Ask James Caan – 28th June 2011 – Issue 53
This week, James Caan advises a sales professional on how to go for a promotion, and shares an exciting development with LinkedIn group members.
I have some exciting news to share with you. From next week, the column will undergo a significant development with the arrival of the first of our guest columnists.
I’ve invited twelve hugely successful and talented business leaders, entrepreneurs and industry names to take questions from the LinkedIn community and provide advice to members.
To get things rolling, I’m pleased to confirm Bev James – one of the UK’s most sought-after motivational business speakers and MD of the Entrepreneurs Business Academy – as the first of my guests to appear next week.
A Trained Coach, European Master Trainer for DISC Personality Profiling and a Master NLP Practitioner, she has over 20 years’ experience transforming businesses in diverse sectors. Please make sure to pose your questions to her at: email@example.com
Back to the column, and this week I’m answering a question from Dave – a sales professional who seems to be stuck in a rut.

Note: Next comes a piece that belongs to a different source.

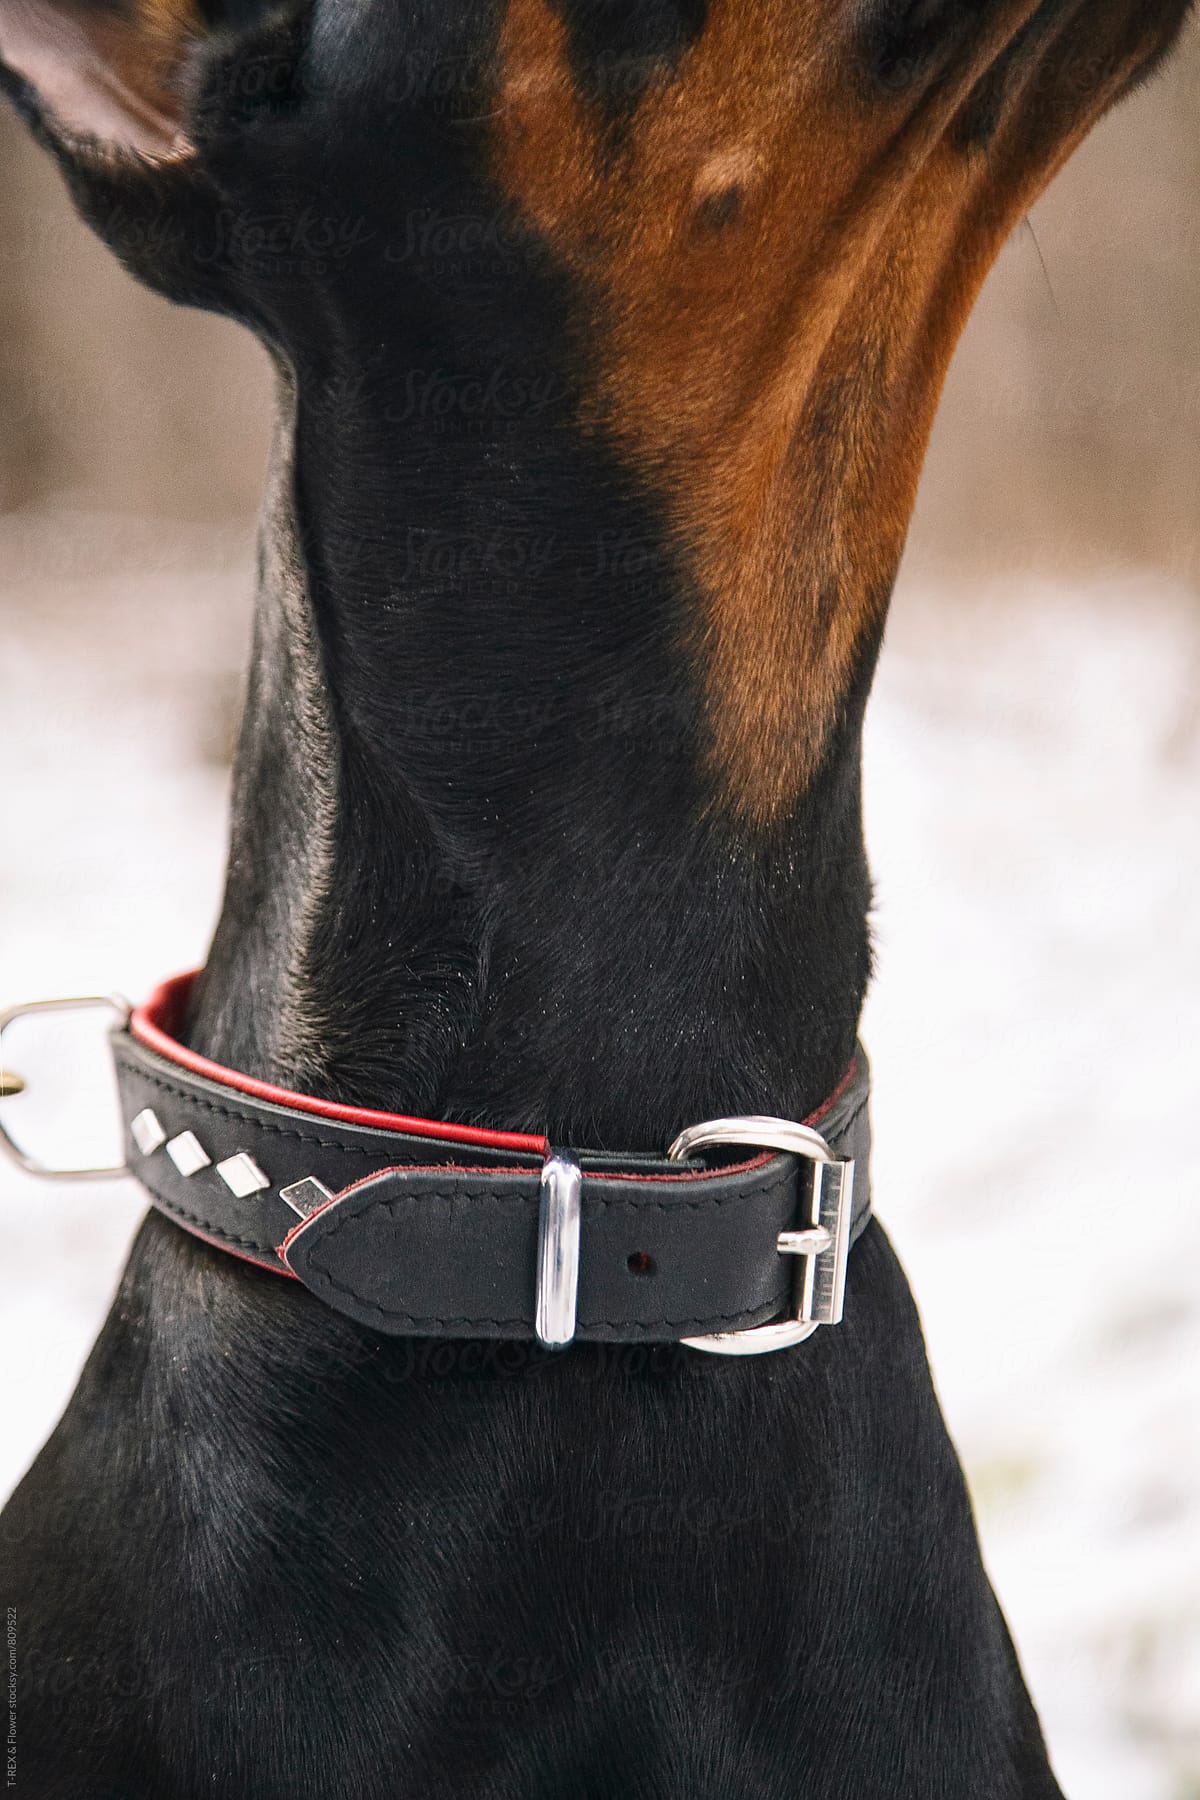 Dog's neck in dog collar
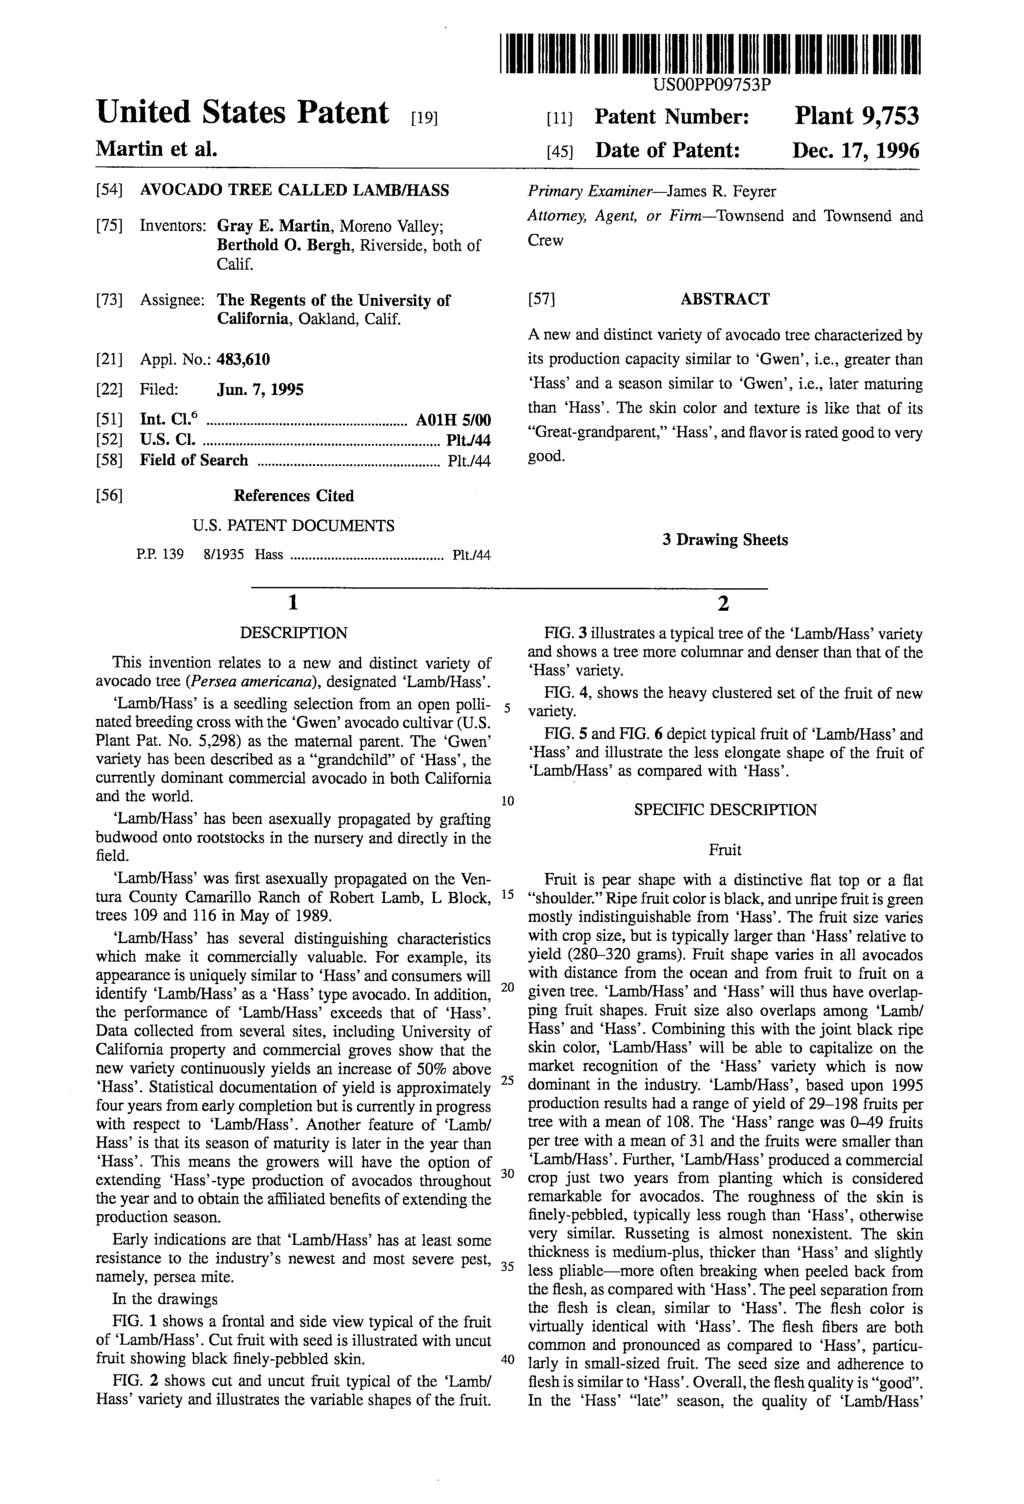 United States Patent 19 Martin et al. (54) AVOCADO TREE CALLED LAMB/HASS (75) Inventors: Gray E. Martin, Moreno Valley; Berthold O. Bergh, Riverside, both of Calif.

‘I am a sales executive that has missed out several times for a promotion. I’m not sure if it is my age (I am 40) or my performance at work, but I am not getting anywhere in my current role. I think I’m good at my job, I have been there for 8 years, and I like the company, but I don’t think I’m getting anywhere. What should I do?’
Dave, I chose your question this week as it touched on a number of debated topics within the group at present.
The current economic period has seen many businesses tighten their belts and in many cases, shed staff to cope with quieter periods. And, especially in sales, you may have noticed the competition within your company environment has become much fiercer as employees up their game, all vying to demonstrate just how valuable they are.
The positive thing about your situation is that despite missing out on a few promotions, you’re still obviously an asset – especially after eight years. But I think it is worth getting to the bottom of why you’re not progressing. Is it because you’re pitching for a role unsuited to your skill set? Or is it because you’re failing to sell your skills correctly?
When you learn you haven’t been successful in a promotional interview, what do you do next? If you aren’t requesting feedback and sitting down with your manager to discuss ways to improve, you need to reassess the situation.
Look at the value you are adding to the company: what skills and qualities do you possess that make you an asset? People believe they are instinctively brilliant at selling themselves, but the truth is most of us are not skilled at that. You have to learn how to do it.
In order to sell yourself, you must identify what are your most valuable attributes. Are you an expert closer? Or perhaps you’re much more confident in client-facing situations? Once you’ve identified your USPs, find ways to present yourself. If you are unable to identify what you’re best at, ask your line manager for their feedback. They may provide some surprising ideas.
Avoid using age as an excuse. I honestly believe that with age comes experience, and your career can be re-invigorated by conducting a real self-assessment on your skill set. Even the most successful sales people require time to re-hone their skills.
Above all, Dave, the key here is to remember that the business environment at present has fostered a survival of the fittest culture. If you can adapt your skill set to suit the business climate and maintain a positive outlook, you should be well on your way to a promotion.